Suppose you have 4 nodes, each with 32 items, all of them referenced, and
a batch size of 64.
The first batch will process the 32 items on the first list clearing the
referenced bit and moving them to the end of that list.  Then continue
through those 32 again and freeing them all.  The second batch will do the
same for the second list.  The last two lists won't be touched.

list_lru_walk() is only ever used (correctly) for clearing out a
list_lru.  It should probably be replaced by a function with a more apt
name which is targeted at this: no spinlocks, no return value from the
call-back.

Yes, we could change the above code to use list_lru_walk_node and wrap a
for loop around the whole, but then I wonder if list_lru is really
giving us anything of value.

Walking a linked list just to set a bit in ever entry is a lot more work
that a few list manipulation in 5 cache-lines.

> 
> > This patch removes the list_lru and instead uses 2 simple linked lists.
> > When a file is accessed it is removed from whichever list it is on,
> > then added to the tail of the first list.  Every 2 seconds the second
> > list is moved to the "freeme" list and the first list is moved to the
> > second list.  This avoids any need to walk a list to find old entries.
> 
> Yup, that's exactly what the current code does via the laundrette
> work that schedules nfsd_file_gc() to run every two seconds does.
> 
> > These lists are per-netns rather than global as the freeme list is
> > per-netns as the actual freeing is done in nfsd threads which are
> > per-netns.
> 
> The list_lru is actually multiple lists - it is a per-numa node list
> and so moving to global scope linked lists per netns is going to
> reduce scalability and increase lock contention on large machines.

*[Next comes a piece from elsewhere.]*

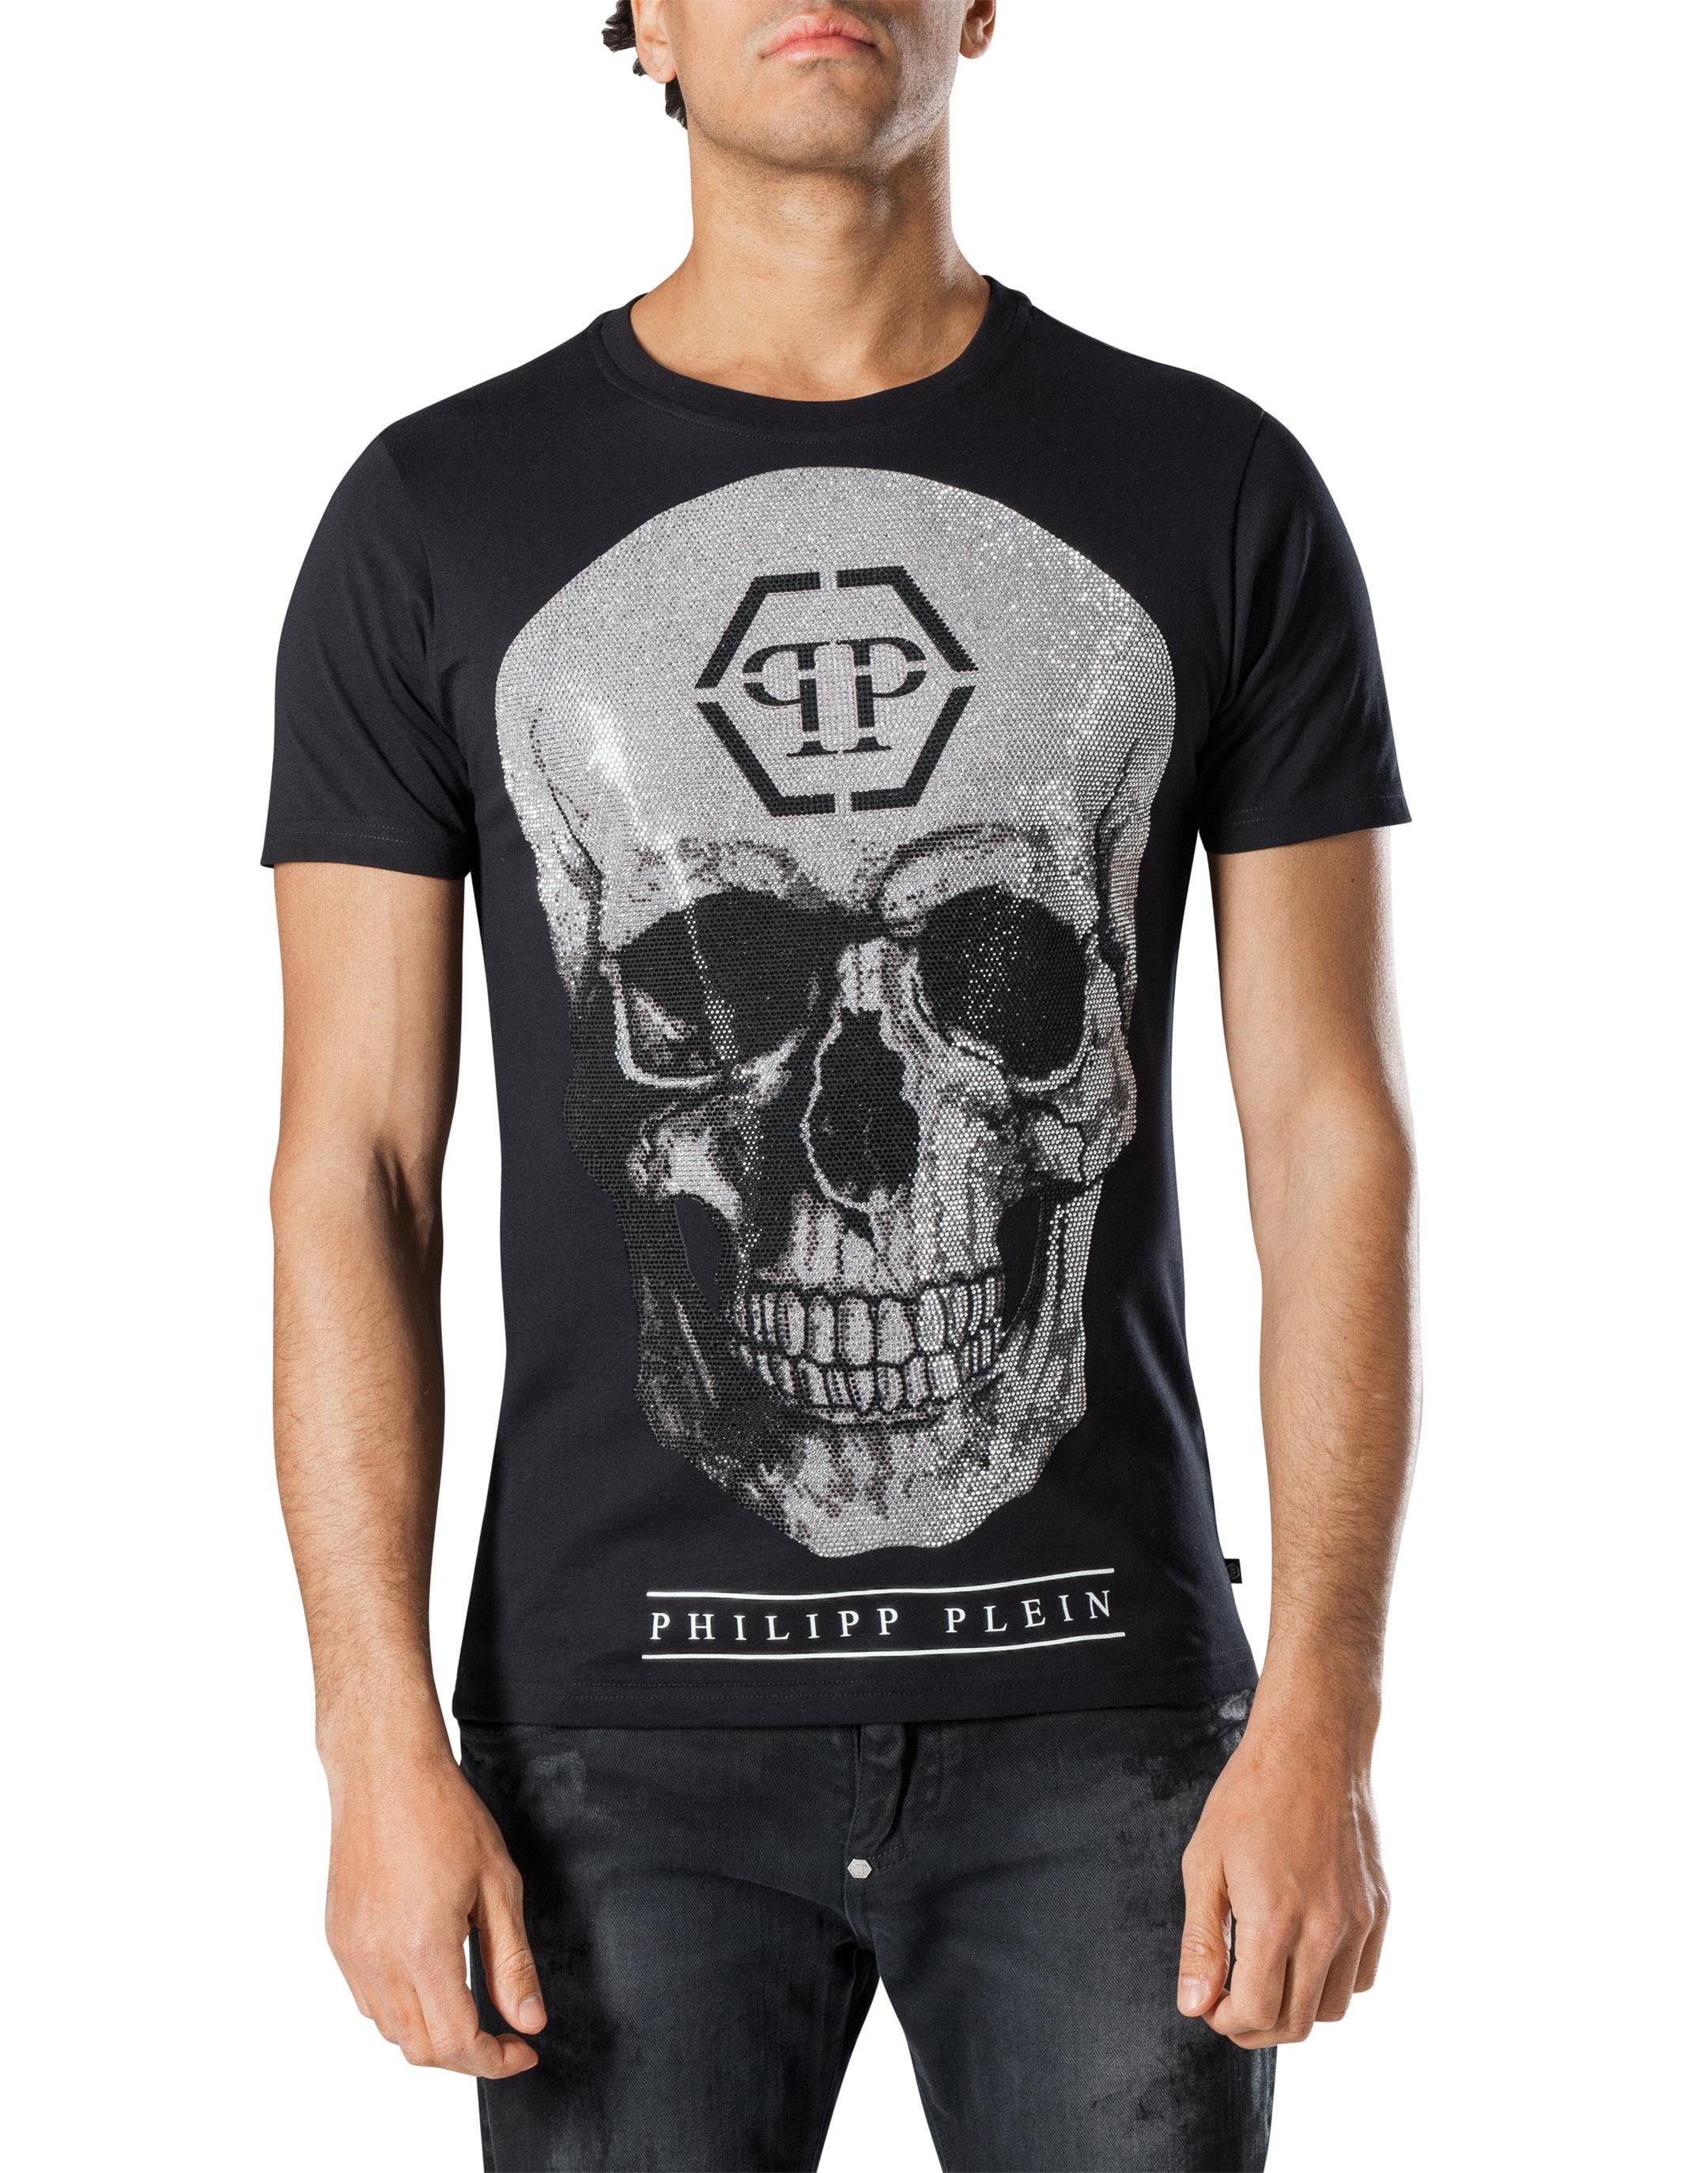 Camiseta Philipp Plein  e68559e705dd2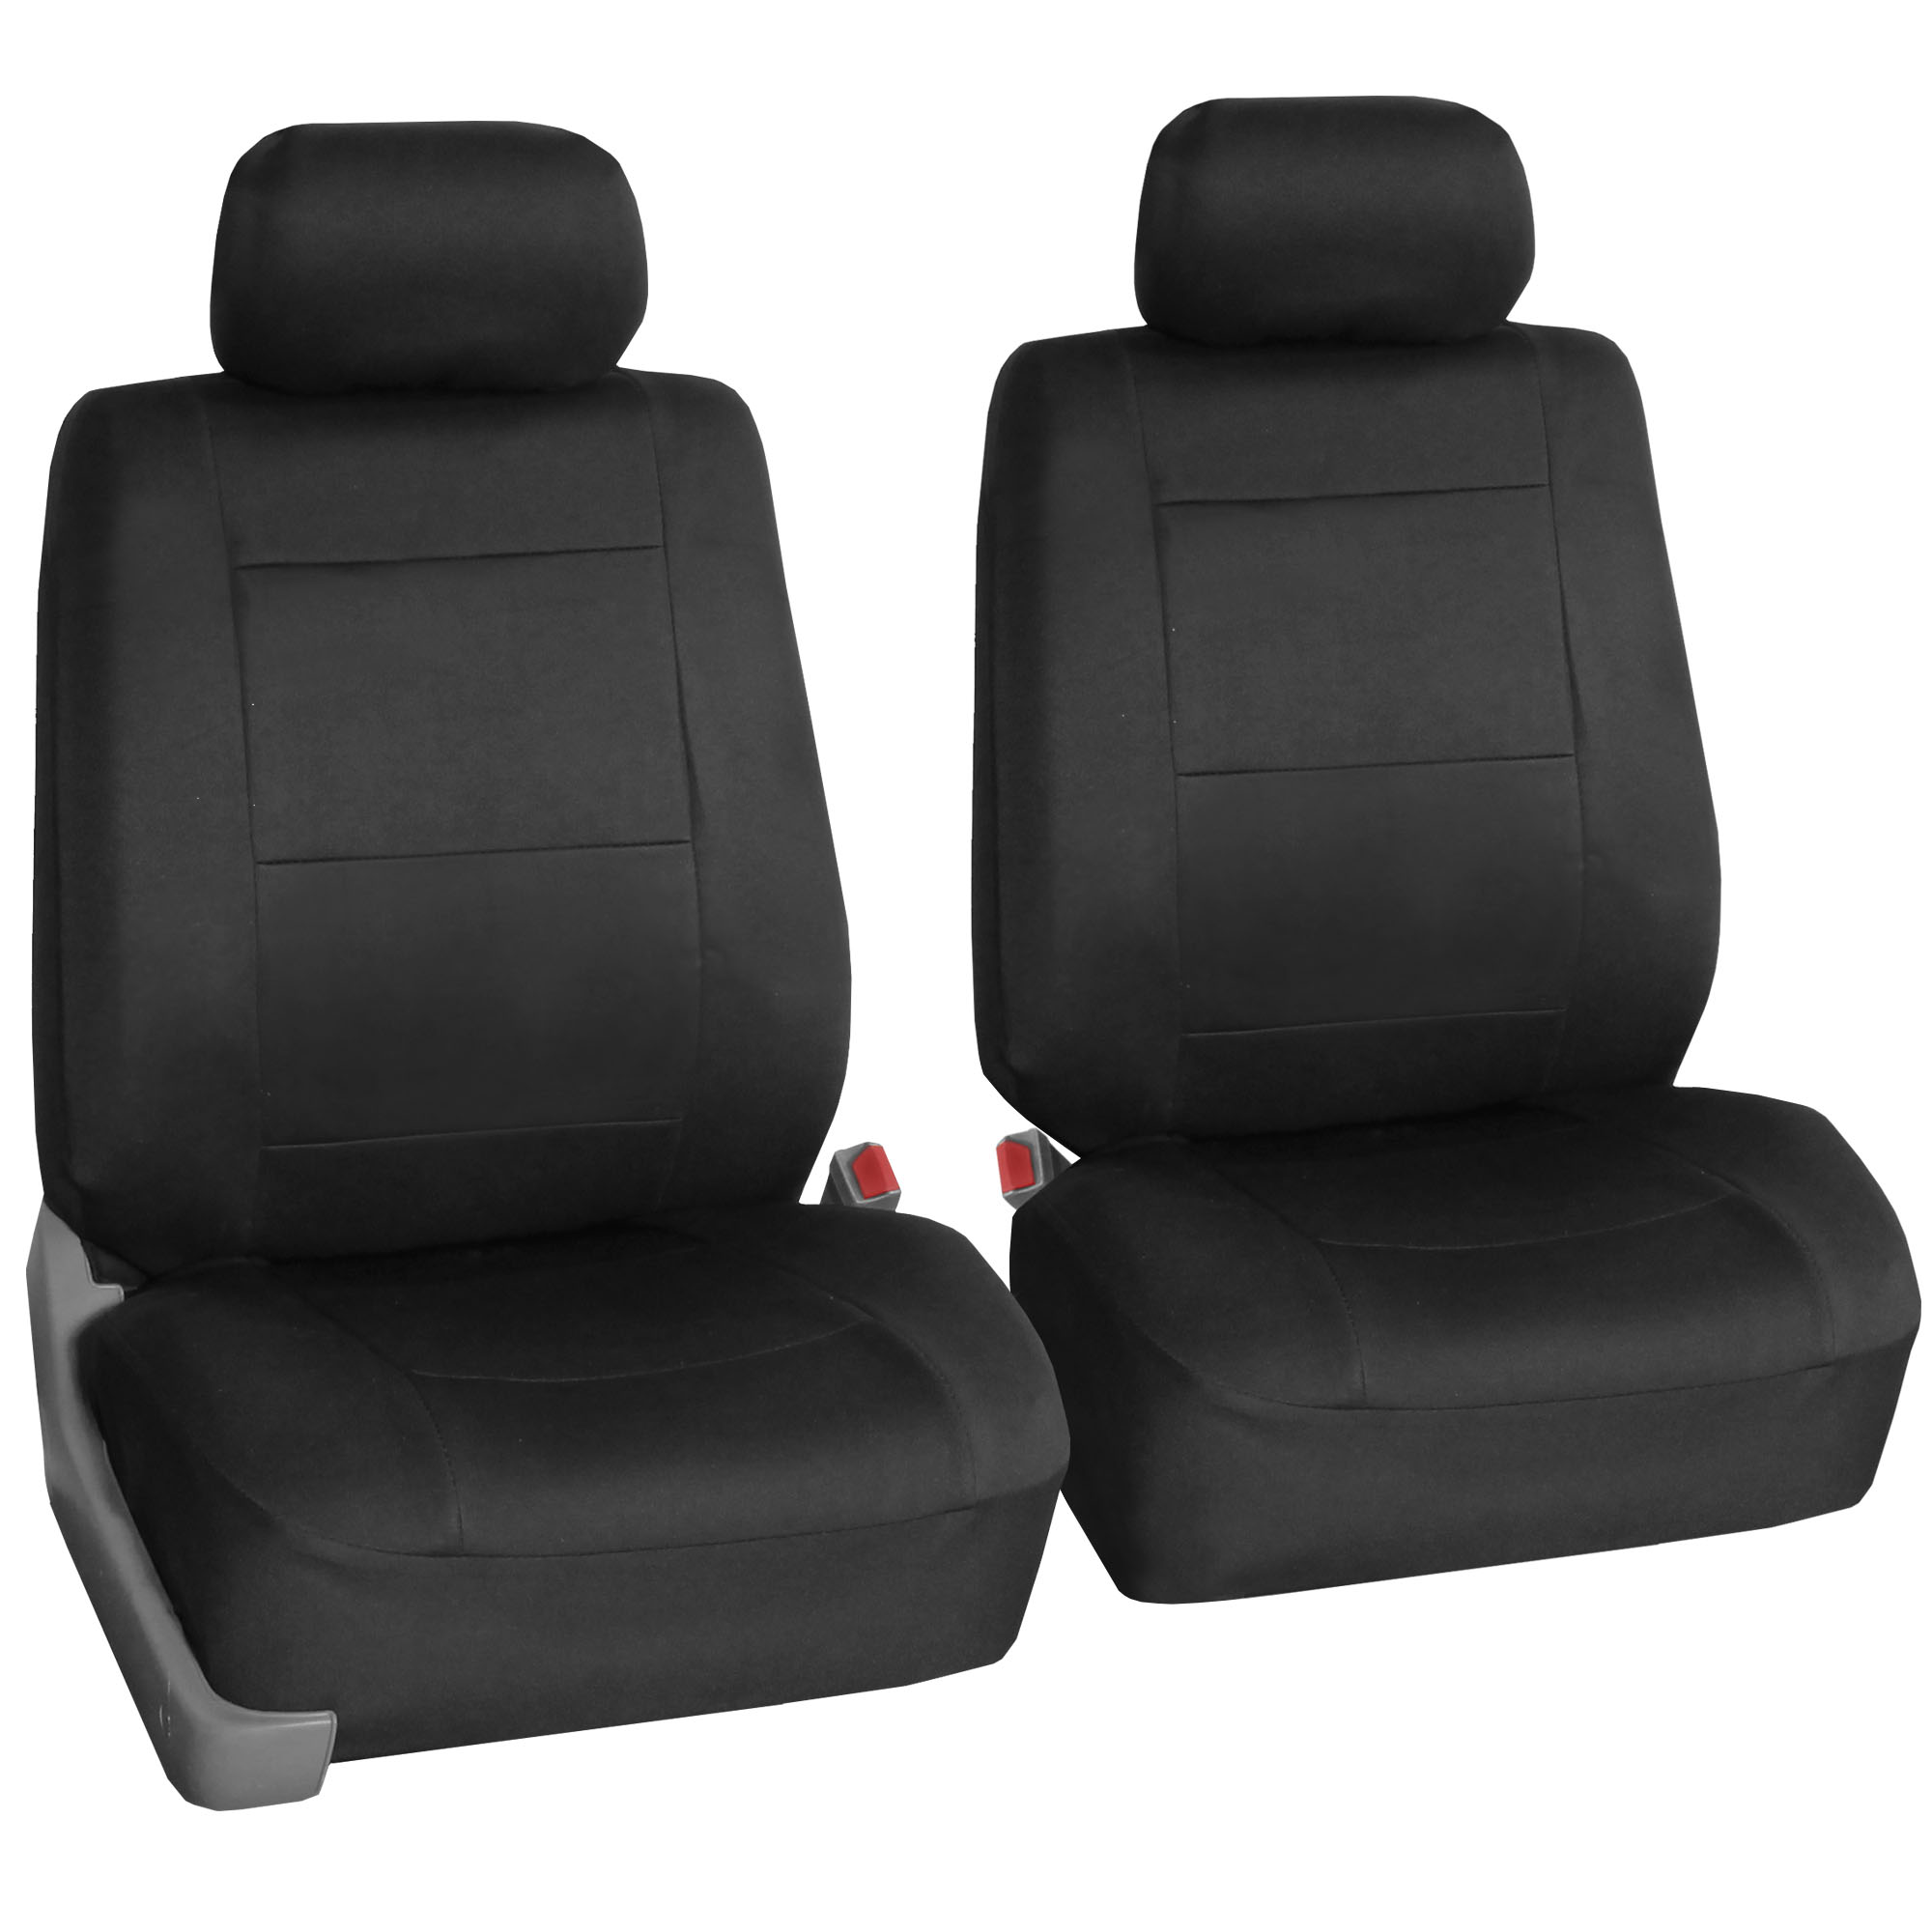 Car Seat Cover Neoprene Waterproof Pet Proof Full Set

Possibly we could duplicate the filecache_disposal structure across
svc_pools instead of net namespaces.  That would fix the scalability
issue.  Probably we should avoid removing and re-adding the file in
the lru for every access as that probably causes more spinlock
contention.  We would need to adjust the ageing mechanism but i suspect
it could be made to work.

But I really wanted to make it correct first, performant later.  And I
still think that means not using list_lru.

> 
> I also don't see any perf numbers, scalability analysis, latency
> measurement, CPU profiles, etc showing the problems with using list_lru
> for the GC function, nor any improvement this new code brings.
> 
> i.e. It's kinda hard to make any real comment on "I do not believe
> list_lru is a good tool for this" when there is no actual
> measurements provided to back the statement one way or the other...

It's not about measurements, its about behavioural correctness.  Yes, I
should have spelled that out better.  Thanks for encouraging me to do
so.

NeilBrown